Nanoceria distribution and effects are mouse-strain dependent

Abstract

Prior studies showed nanoparticle clearance was different in C57BL/6 versus BALB/c mice, strains prone to Th1 and Th2 immune responses, respectively. Objective: Assess nanoceria (cerium oxide, CeO₂ nanoparticle) uptake time course and organ distribution, cellular and oxidative stress, and bioprocessing as a function of mouse strain. Methods: C57BL/6 and BALB/c female mice were i.p. injected with 10 mg/kg nanoceria or vehicle and terminated 0.5 to 24 h later. Organs were collected for cerium analysis; light and electron microscopy with elemental mapping; and protein carbonyl, IL-1β, and caspase-1 determination. Results: Peripheral organ cerium significantly increased, generally more in C57BL/6 mice. Caspase-1 was significantly elevated in the liver at 6 h, to a greater extent in BALB/c mice, suggesting inflammasome pathway activation. Light microscopy revealed greater liver vacuolation in C57BL/6 mice and a nanoceria-induced decrease in BALB/c but not C57BL/6 mice vacuolation. Nanoceria increased spleen lymphoid white pulp cell density in BALB/c but not C57BL/6 mice. Electron microscopy showed intracellular nanoceria particles bioprocessed to form crystalline cerium phosphate nanoneedles. Ferritin accumulation was greatly increased proximal to the nanoceria, forming core-shell-like structures in C57BL/6 but even distribution in BALB/c mice. Conclusions: BALB/c mice were more responsive to nanoceria-induced effects, e.g. liver caspase-1 activation, reduced liver vacuolation, and increased spleen cell density. Nanoceria uptake, initiation of bioprocessing, and crystalline cerium phosphate nanoneedle formation were rapid. Ferritin greatly increased with a macrophage phenotype-dependent distribution. Further study will be needed to understand the mechanisms underlying the observed differences.

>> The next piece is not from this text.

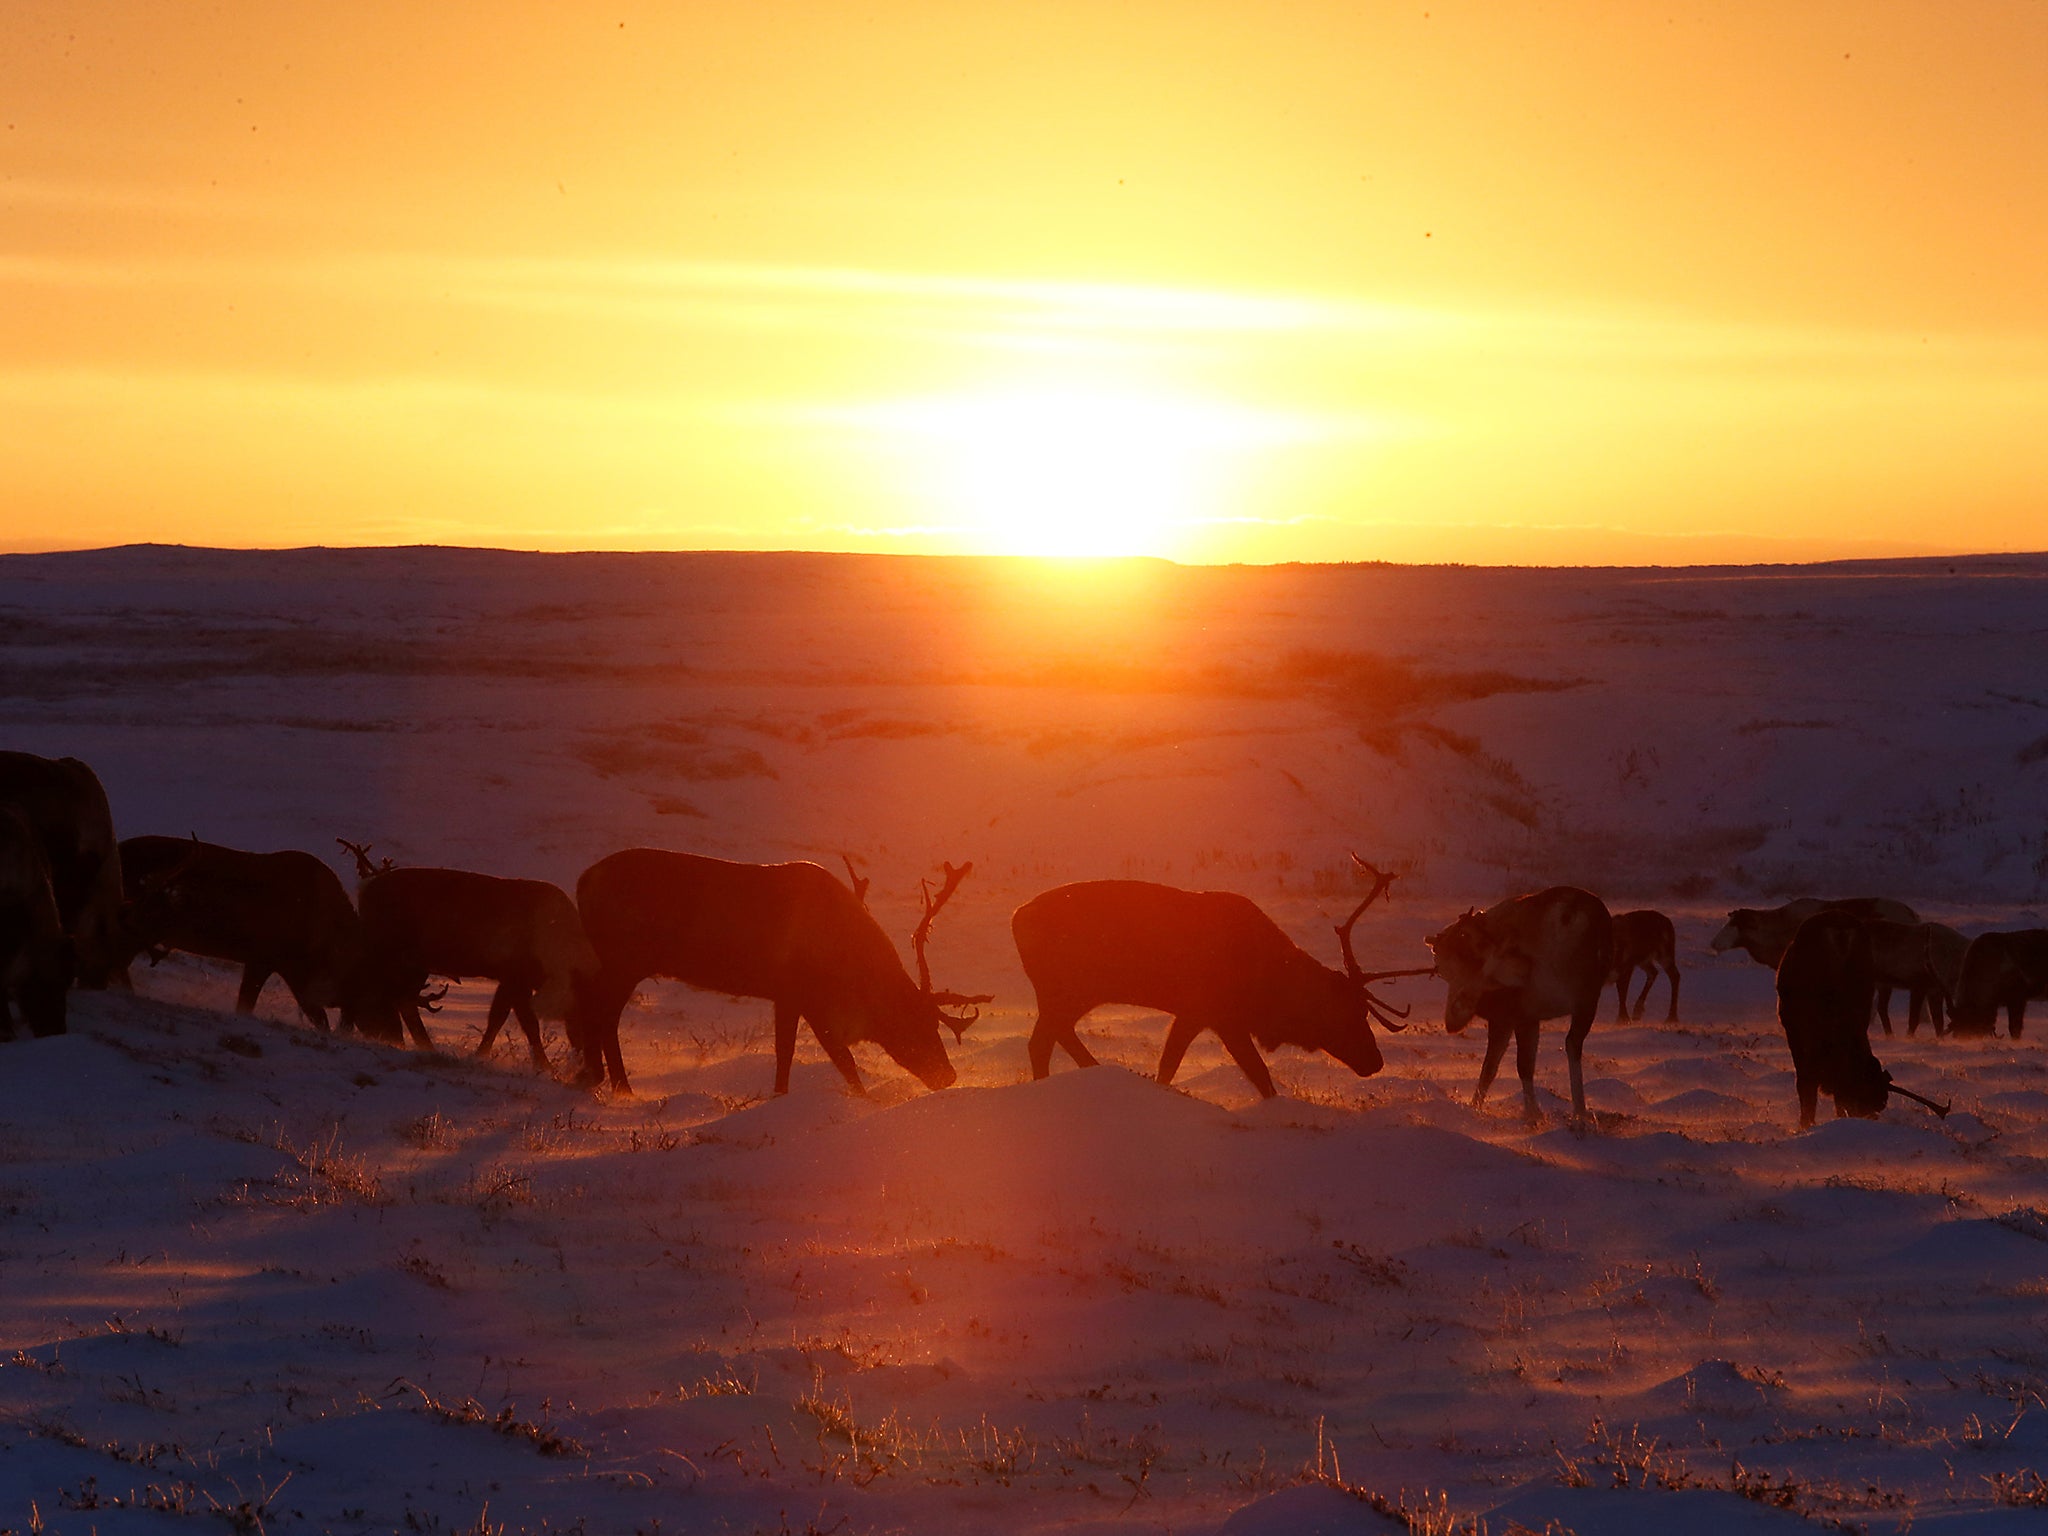 Reindeer graze in the tundra area at sunset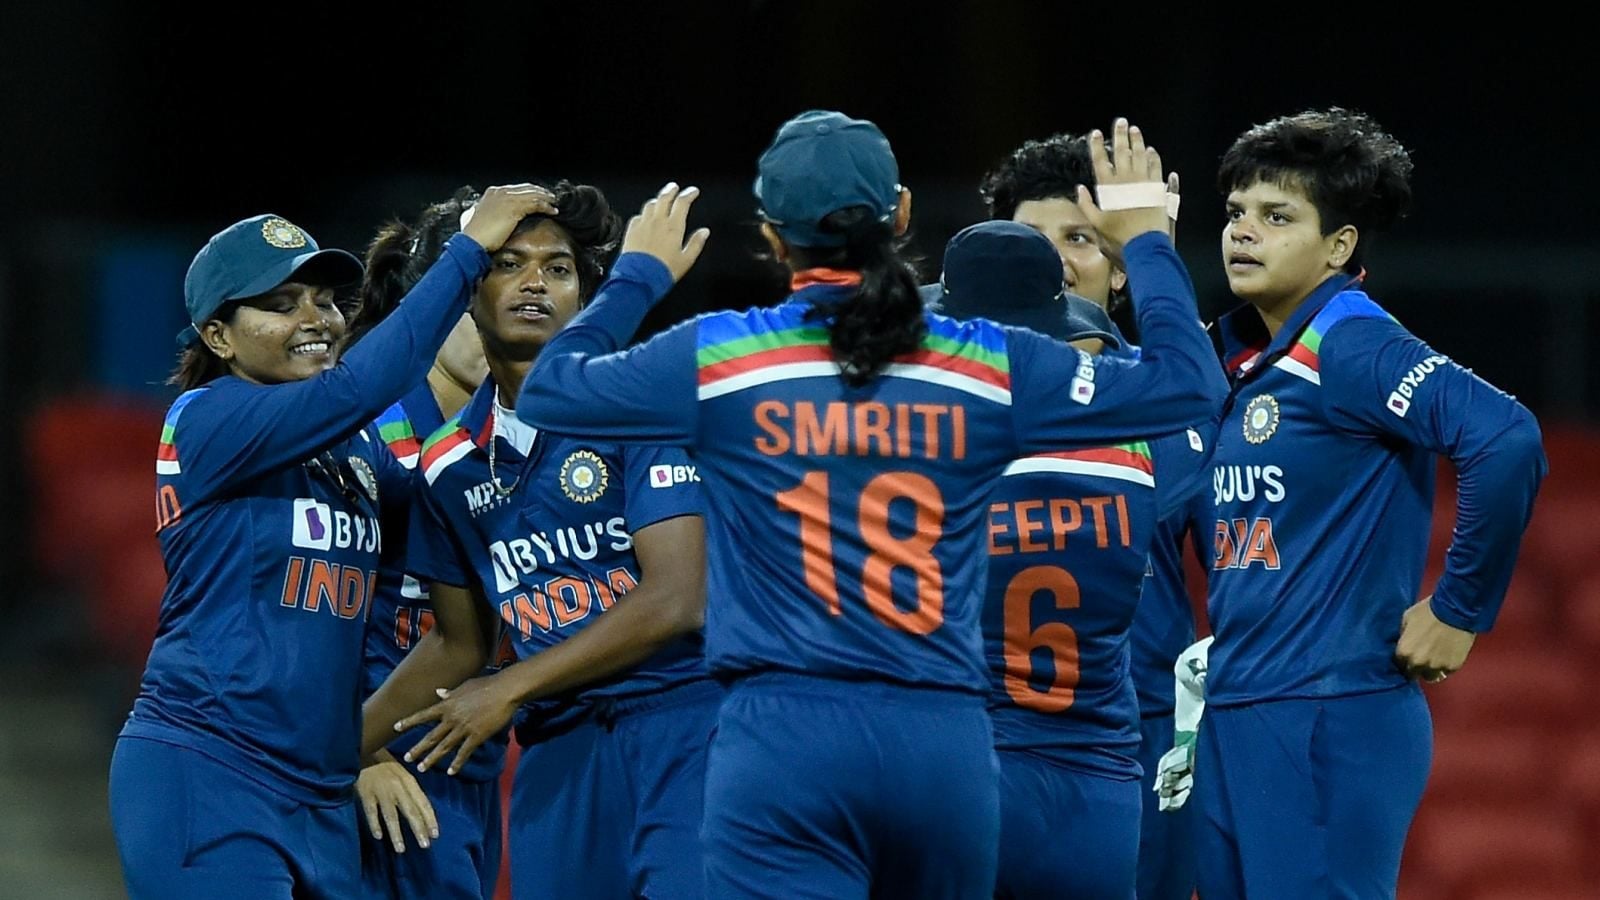 ICC Women’s World Cup 2022 Complete Schedule: Know When India Play Pakistan and Other Opponents

Keywords: BALB/c mice; C57BL/6 mice; caspase-1; ferritin; liver; nanoceria.

Figure 1.

Physicochemical properties of the as-dosed nanoceria. The as-dosed nanoceria is shown in TEM images with increasing magnification as agglomerates on lacy carbon support (A, B, C and D). Circles in C indicate agglomerates and circles in D individual CeO₂ crystallites. E and G are STEM images at atomic resolution displaying rows of atoms (primary particles are crystalline as indicated by d-spacings in E and G and the X-ray diffractogram in F with characteristic ring structure signifying faces {100} and {111}). The surface of the primary nanoceria has an increased defect density (lower atom density) as indicated by the dotted rectangular areas in E and G. The EELS measurement in H was obtained at the nanoceria surface inside the dotted rectangular area and the M5 and M4 Ce peaks at 883 eV and 901 eV, respectively, are marked. The taller M5 peak indicates presence of predominantly Ce⁺⁺⁺. The M5 peak is missing a satellite peak (at 895 eV) which is characteristic of Ce⁺⁺⁺ dominance. Ce⁺⁺⁺ dominance is caused by the increased defect density or oxygen vacancies in the nanoceria crystal surface.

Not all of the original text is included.